Patricia corrugò la fronte. Qual era lo scopo di Sparrows? Perché costringere la donna che sosteneva di amare a rinunciare alla parte più importante di sé? Per piegarla alla propria volontà? Per umiliarla? Per un malinteso senso di onnipotenza? Qualunque fosse la ragione, solo una persona egoista e meschina avrebbe avanzato una simile pretesa. Oppure un folle.

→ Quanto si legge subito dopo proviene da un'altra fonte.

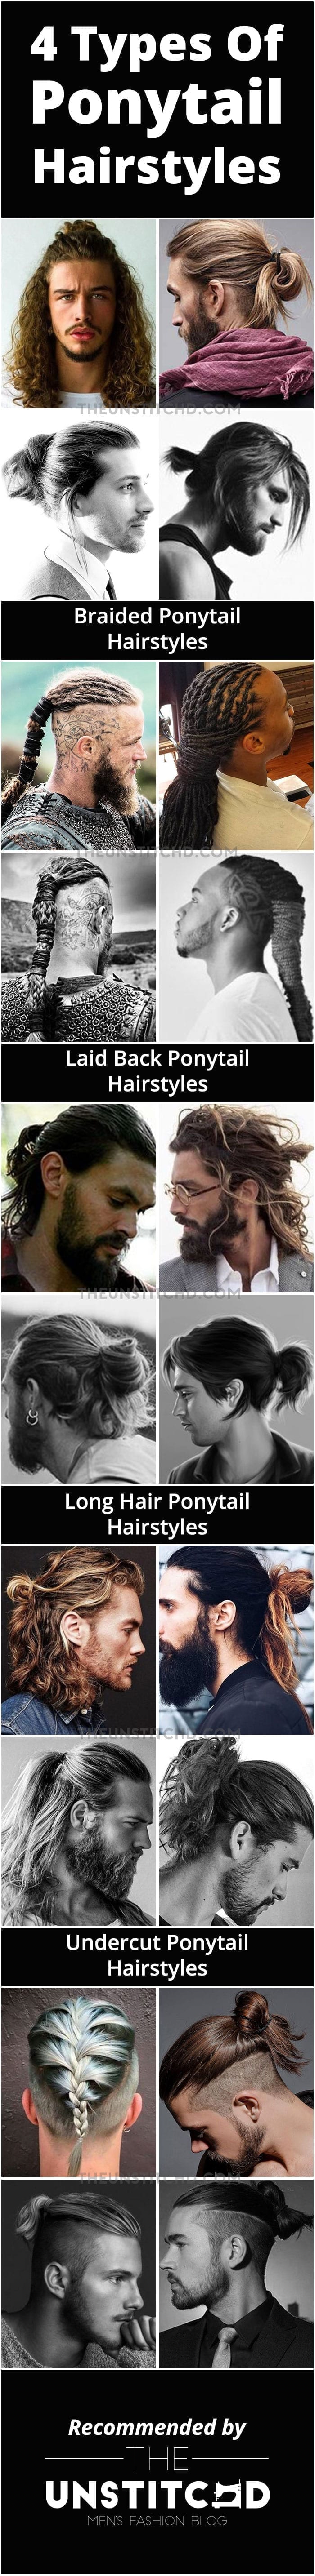 Ponytail-Hairstyle

Alexandra era a pezzi: Patricia non se la sentiva di lasciarla sola. La invitò a cena. Malgrado fosse riluttante, la scrittrice finì per accettare, dopo che l’amica ebbe insistito a lungo. Era una calda serata estiva. Durante il giorno l’afa era stata opprimente; ora spirava una lieve brezza che rinfrescava l’aria. Le due donne si incamminarono dirette al loro ristorantino preferito, dove si recavano spesso a pranzo: era un locale tranquillo e intimo, l’ideale per conversare con calma. Da lontano si udì il suono di una campana. Sull’altro lato della strada due innamorati si stavano baciando. Patricia sospirò: quella sarebbe stata una notte perfetta, se solo lei avesse avuto qualcuno con cui condividerla e se la sua amica non fosse stata stregata da un farabutto. Erano entrambe sfortunate, pensò, anche se in modo diverso. Quando entrarono nel ristorante il proprietario le accolse calorosamente; era uno scozzese gioviale che sembrava sempre di buon umore, forse a causa dell’enorme quantità di birra che riusciva a ingurgitare nei momenti di pausa. Il locale era ancora deserto. Patricia e Alexandra presero posto al loro solito tavolo, accanto a una grande finestra. Una cameriera raccolse le ordinazioni e le servì.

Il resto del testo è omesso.